Some basic rules to remember in regards to annual MIP. (which is really monthly MI when it's all said and done with)

If your new loan term is great than 15 years, your upfront MIP is 1.5%, as stated above. And your annual MI is .50. Your annual MI will be terminated once you reach 78% LTV either by normal amortization or by making additional principal payments. But in order to cancel it by the 2nd method, you need to get a knew appraisal. In either case, MMI stays on for 5 years no matter what, even if you were to put down 20%.
If your new loan term is 15 years or less, your upfront MIP is still 1.5%, but your MMI would only be .25 of the base loan amount. If you put 10% or more down on the 15 year scenario, then you would have no annual MI.
The 5 year rule for annual MI would not apply for terms of 15 years or less.
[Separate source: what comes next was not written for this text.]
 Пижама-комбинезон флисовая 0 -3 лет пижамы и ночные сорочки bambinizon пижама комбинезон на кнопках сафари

Conventional -- PMI = Private Mortgage Insurance There are different percentages depending on how much you put down. And since it can be a little complicated, depending on down payments and now fico scores, here is a blog that I did earlier to break it down. PMI (Private Mortgage Insurance); why you need it and the different types of PMI……
Now, with the changing guidelines of Fannie Mae and Freddie Mac, it's even more important to understand if you put less than 25% down and/or your credit score is less than 680, that you will be subject to extra add ons in regards to points.
1 vote Thank Flag Link Mon Jul 9, 2012
Now I'm really confused. My broker says that MIP is 1.75% and the monthly part of the MIP is 1.25%. This is different than what you said.
Flag Tue Jul 10, 2012
MIP is the FHA mortgage insurance premium. It is paid in two charges: an upfront premium, which is now 1.75% on a high ratio loan (96.5%), and usually financed, AND an annual premium of 1.25% of the loan amount, paid in monthly installments with your PITI payment. They use these funds to self-insure their loans.
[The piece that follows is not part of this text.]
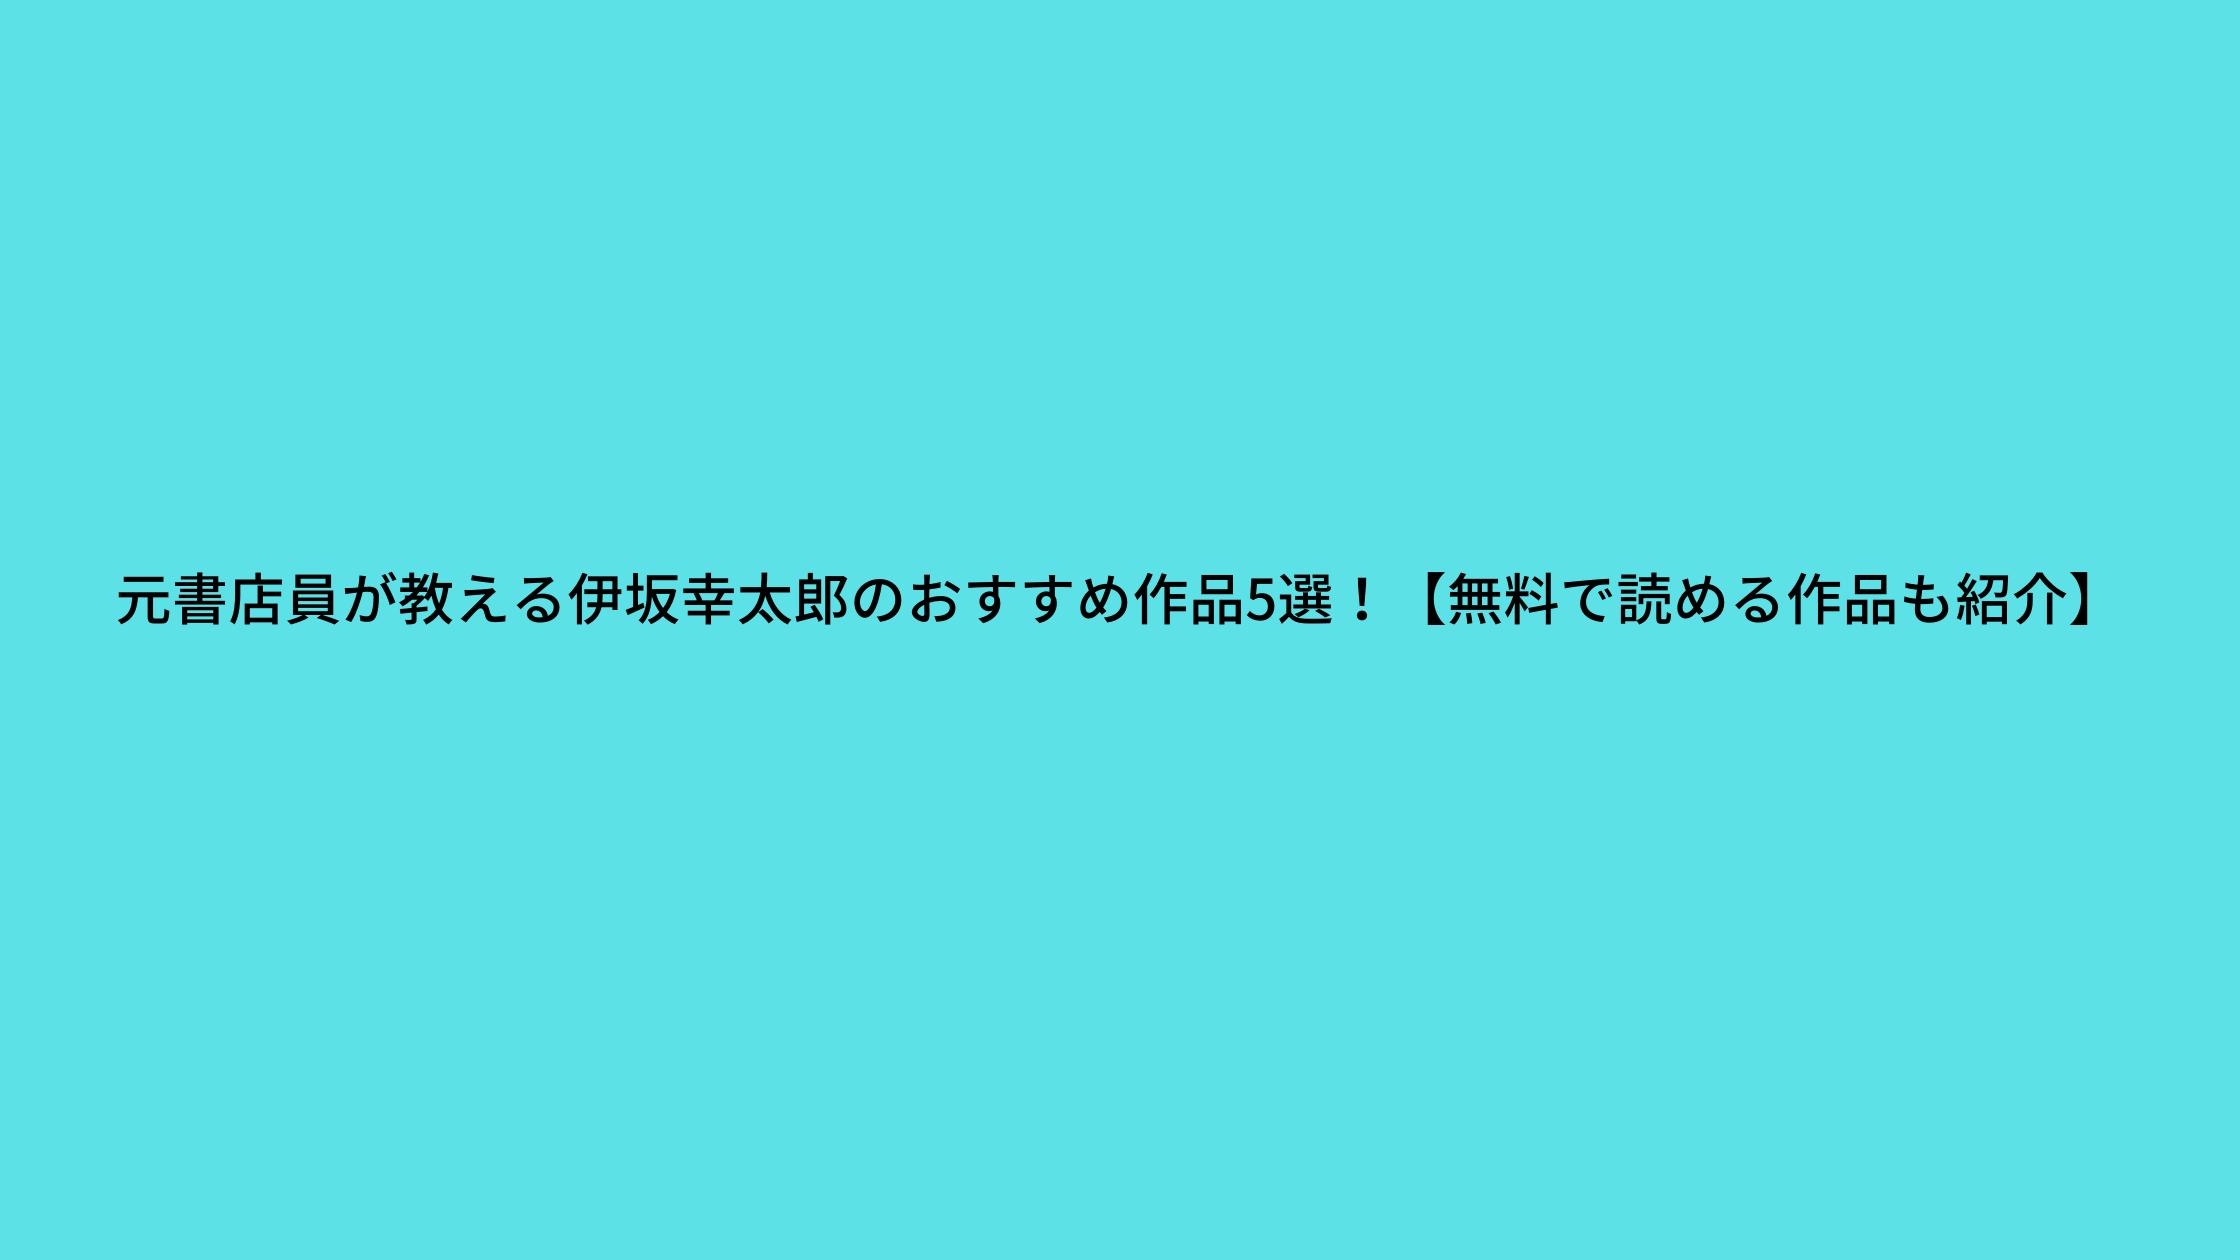 元書店員が教える伊坂幸太郎のおすすめ作品5選!【無料で読める作品も紹介】

PMI is private mortgage insurance, and insures the lender against loan failure on a conventional loan. This charge can be paid in several ways: monthly, one time financed premium, one time cash premium, or a split of the two. The amount depends on the down payment, loan term, and credit score of the buyer.

Putting 20% down avoids PMI on a conventional loan, but not on an FHA loan.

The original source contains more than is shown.